AlBawaba reporter 'Sarah Al-Amin' interviewed  Idris who is a legal adviser, who launched her personal blogtitled “Masieri” or (my destiny), in which she wrote in French language. Idris got the idea of the name from an Egyptian movie called, “Al-Maser” by legendary Egyptian film director 'Youssef Chahine'. Idris’ blog became one of the most famous and popular blogs in Tunisia, in which she usually writes about cinema and creativity in general.
Tunisian cinema critic:

Can cinema repair the damage inflicted by politics?

She replied in a Tunisian accent, saying: “Culture is the only solution,” explaining that culture and art among the main priorities to reform the society, whether politically or socially, as cinema is the main window to create awareness among citizens. She pointed to Al-Bawaba, that for example, in Tunisia, during the era of Former Tunisian Prime Minister Habib Bourguiba, there were 120 cinema halls, but now there are only 13 cinema halls. She stressed that any observer can see the social and cultural difference among citizens after closing cinema halls.

Idris said that when she was receiving education at public schools, students were receiving education in three languages, Arabic, English and French, and were capable of fluently speaking them. But nowadays, only Arabic is being taught, which prevented the rising generation from opening up to other cultures that speak languages different to Arabic. She expressed her opinion that that was deliberate and the purpose behind it was to make people ignorant, because ignorant people cannot ask for rights.

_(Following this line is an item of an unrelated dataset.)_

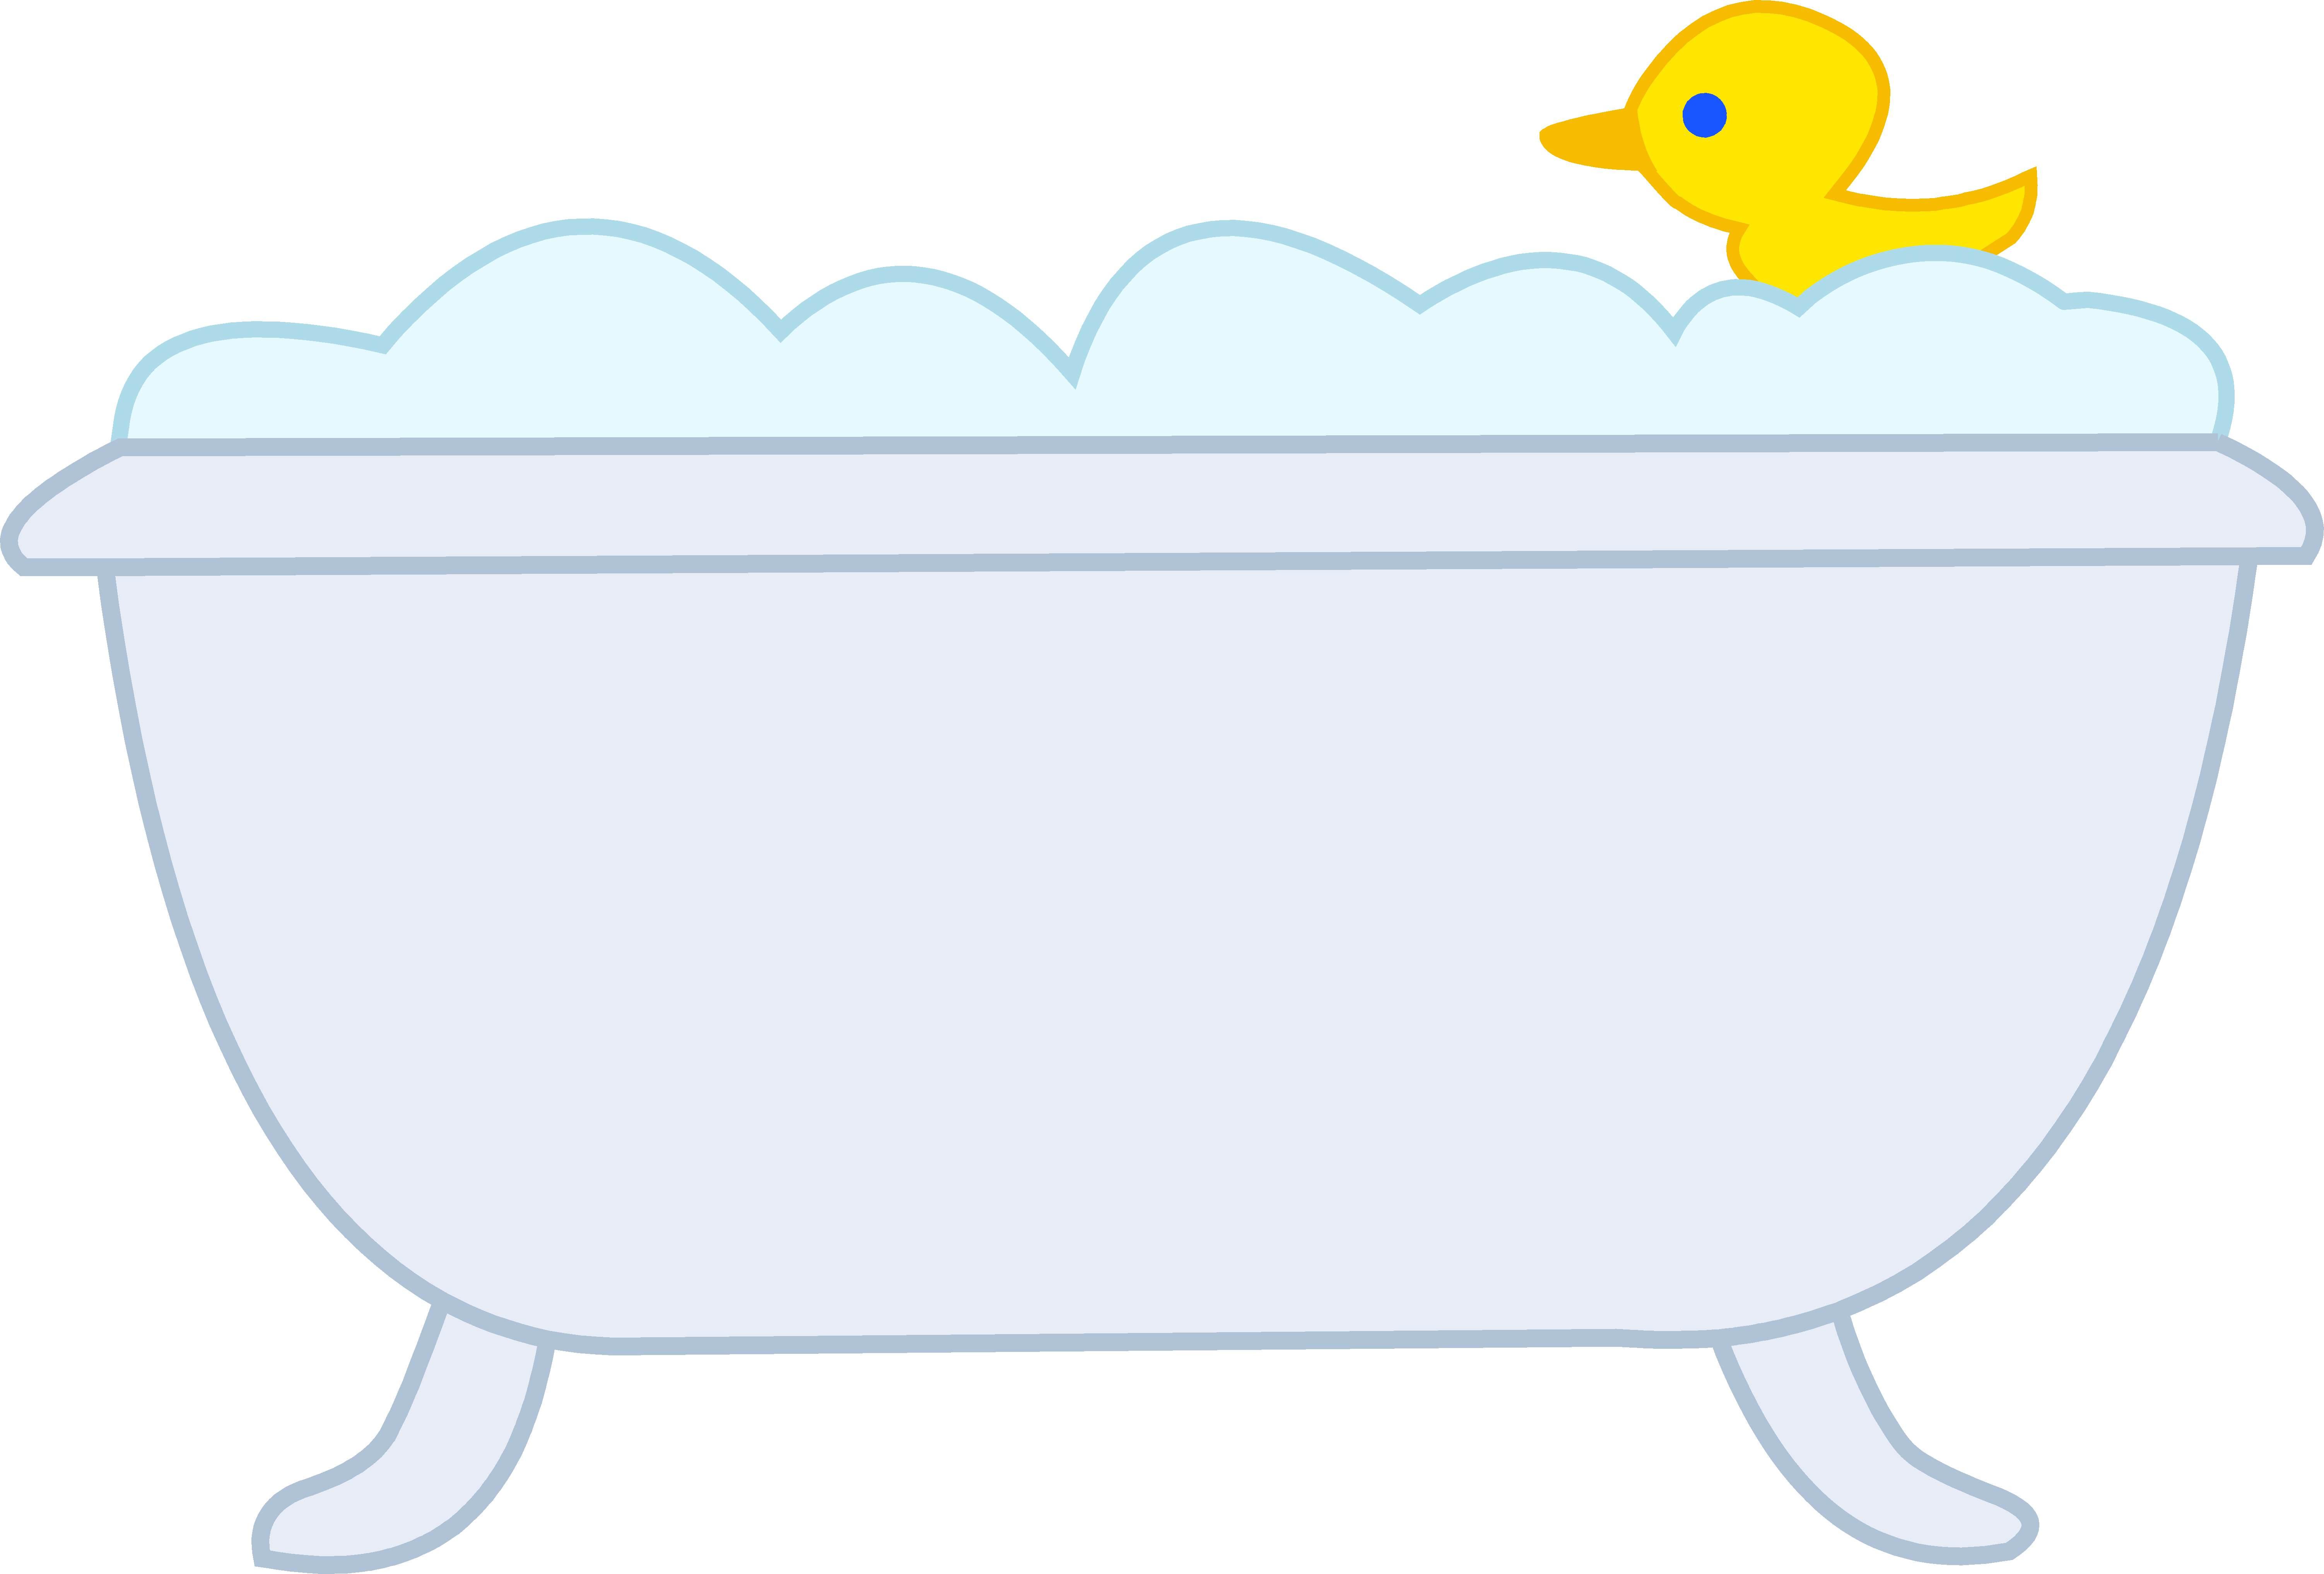 Bathtub Clipart Comic Bathtub Comic Transparent Free For Download On Webstockreview 2020

Idris called for reversing that agenda, as cinema is an essential mean in the fight against terrorism and religious extremism, of which the Arab community recently suffer from.

Tunisian cinema critic:

What is the current political situation like in Tunisia and how it affects culture?

She said that the Muslim Brotherhood (MB) terrorist group control the south on social level and have no influence on the north, as well as on mosques in the entire country, unlike Egypt, Tunisia does not include the same proportion of the Salafists, adding: “We only feel their presence in demonstrations, because of their distinctive violent language, well-known black badges,”

Idris revealed that in Tunisia, MB is allied with the regime and pretend to be innocent, but all the intellectuals and politicians realize that this is just a mask, stressing that MB’s dominance has changed Tunisia for the worse, as MB’s presence re-opened made some topics, which were concluded ages ago, including polygamy. She blamed the MB for the occurrence of customary marriages, which Tunisians did not know of, before the MB persuaded people who wanted to marry more than one wife that marriage does not have to be official, in an attempt to escape the legal boundaries of the constitution that respects women and bans marrying more than one wife.

Furthermore, she pointed to Al-Bawaba that during the era of Bourguiba, there was a social obligation among citizens concerning family planning, as every family had the right to have four children and not exceed that, and now there is a campaign against it, as the MB persuades citizens to increase giving birth to children. She warned that that would hinder development and restricts the state's economy, adding that in Tunisia only the elite realizes the MB’s intentions, while the public sympathizes with the MB.

Photo by: Fawez Brins
Photo by: Fawez Brins

How do you see film production before and after the Arab Spring?

She replied by saying: “When a film was produced in a year, we were happy, but now there are a lot of films, which achieved massive success in the festival and won a lot of awards, including As I Open My Eyes, written by Leyla Bouzid and released in 2015, and won more than 40 awards,”

Idris pointed to Al-Bawaba that the film, which was displayed in Egypt, talks about an 18-year-old girl who loves to sing and wants to express herself. She explained that the events of the film takes place in 2010 before the Arab spring revolutions.